Anariel no entendía nada. ¿Acaso pensaba que ella había demostrado algún interés en él? ¿Qué podía haber hecho ella para que él pensara ello? Porque no recordaba nada... Había sido amable, sí. Ella era así. Con todo el mundo. No tenía por qué ser distinto con él. ¿Pero era esa razón a que él pensara que lo deseaba?
De repente algo se movió detrás de la figura del hombre. Rápidamente, Rialath entró en la tienda espada en mano, y se acercó hasta ellos antes de que Alsio pudiera siquiera reaccionar. Posó la punta de la espalda en la nuca del hombre, y éste se quedó tenso al momento.
- Sueltala - la voz de Rialath sonaba extrañamente tensa.
Anariel sintió temblar el puñal en la mano de Alsio. En la oscuridad no podía percibir qué se ocultaba en su mirada, pero sabía que la amenaza de la espada no sería suficiente. Quizás en su locura, prefiriera morir matando. Clavar el puñal en su pecho, y que después el dunadan acabara con su vida. Sus palabras se lo confirmaron.
- Llegas tarde, Rialath - dijo volviéndose hacia el otro hombre, pero sin dejar de apoyar el puñal en el pecho de ella - Ella ya es mía. Siempre lo ha sido, pero ahora se ha hecho realidad. Acaba conmigo si quieres, pero ella vendrá conmigo... Nuestra muerte nos unirá para siempre.
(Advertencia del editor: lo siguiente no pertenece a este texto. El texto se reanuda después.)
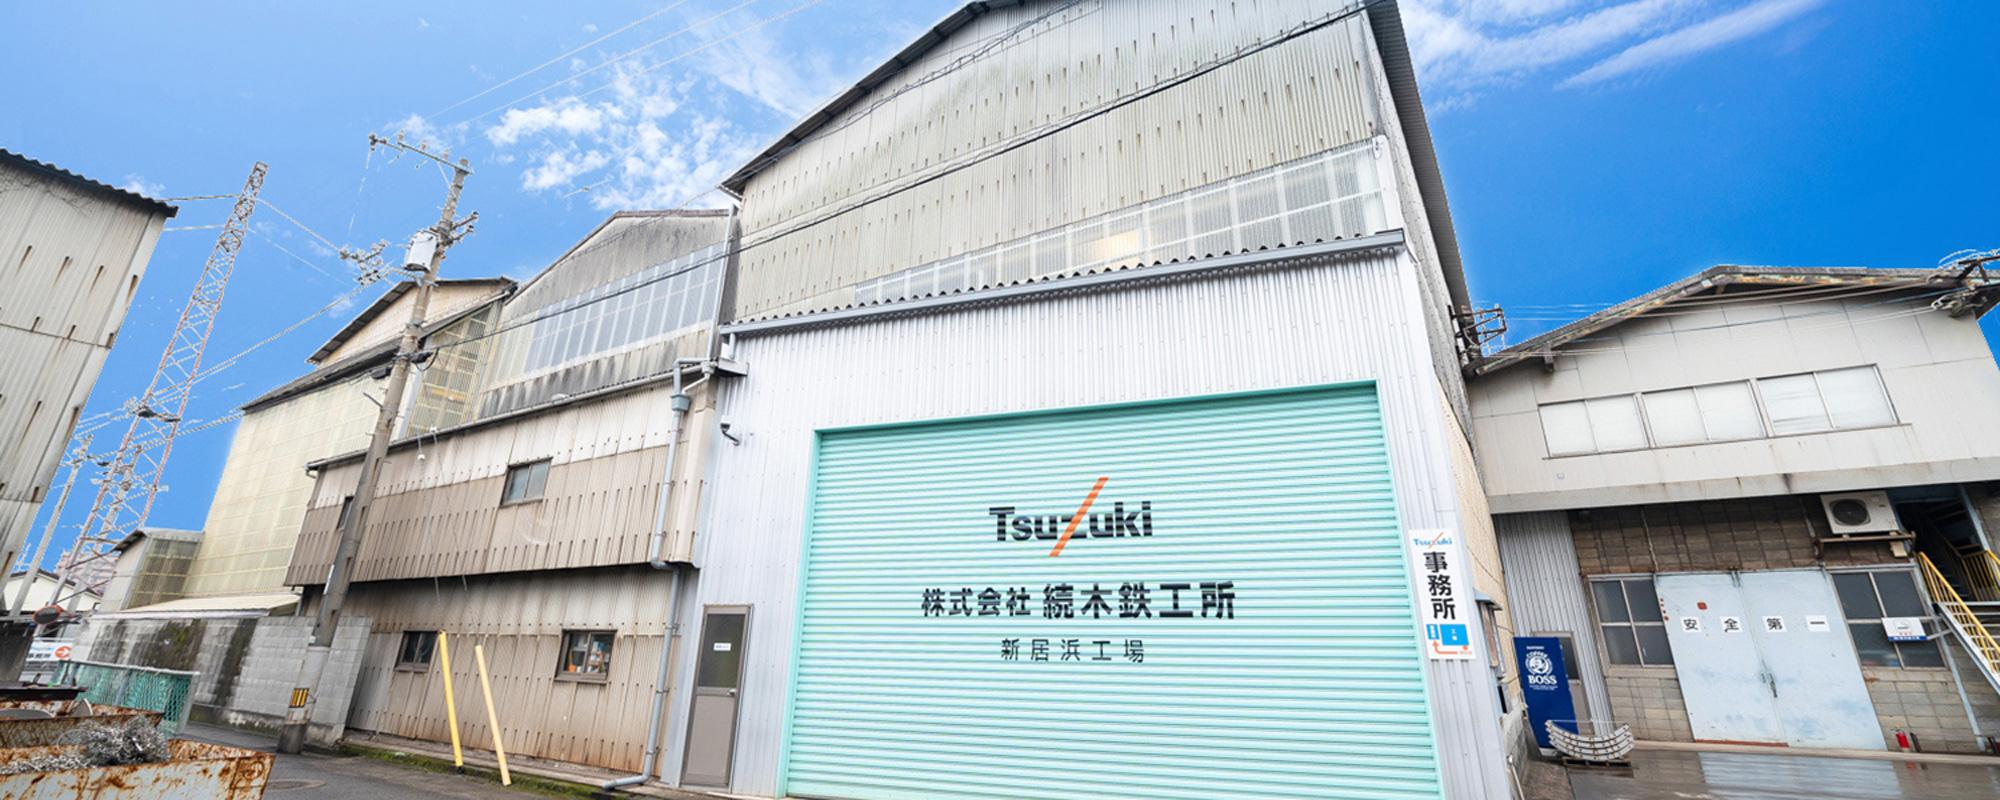 続木鉄工所|新居浜工場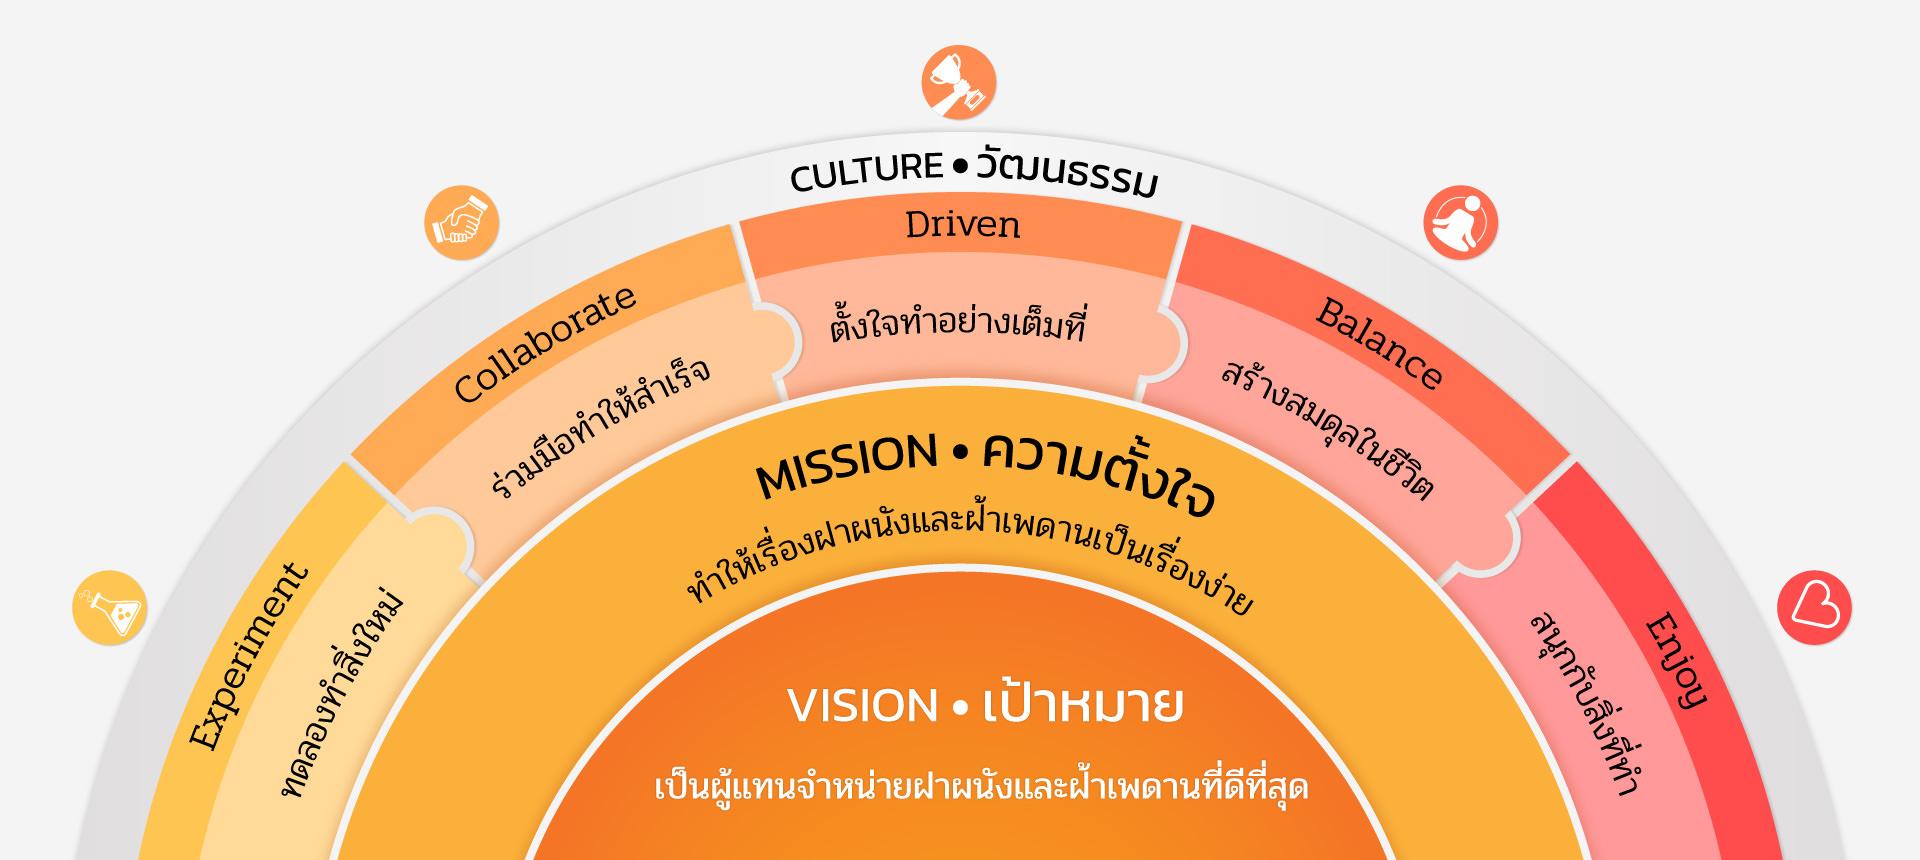 เป้าหมาย, ความตั้งใจ และวัฒนธรรม ของเฟอร์ริ่งไลน์

- Eso no es cierto - respondió ella, recobrando un poco la compostura. La llegada de Rialath le brindaba cierta seguridad - Será nuestra muerte la que nos separe para siempre, Capitan - remarcó la última palabra, consciente de la distancia que marcaba entre ellos - Porque mis pasos me llevarán más allá de Mandos, y de regreso a Valinor la Hermosa. Y los vuestros erraran en la noche, presos por siempre del destino de los hombres. Clavad vuestro puñal, y morid si así lo deseais, pero eso sólo servirá para separarnos para siempre.
Alsio dudó entonces. Sus palabras remarcaban el distinto destino de dos razas tan distintas. Pero la Unión que tanto tiempo había alimentado sus almas no podía cambiar su esencia. Unidos como hermanos, como un mismo pueblo, elfos y hombres debían saber que esa unión no podía transcender más allá de los designios de Ilúvatar. Eso era algo que los ramalië habían olvidado. Pero no su reina.
Durante un momento los tres permanecieron inmóviles, pero Alsio se incorporó bruscamente, intentando esquivar la espada de Rialath y atacarlo con el puñal. Ese fue su error. Subestimó la destreza del dunadan, al que no conocía demasiado bien. Apenas se sintió el movimiento de la espada, rápido y certero. Sólo el golpe seco de la cabeza de Alsio al caer cercenada de sus hombros y caer al suelo.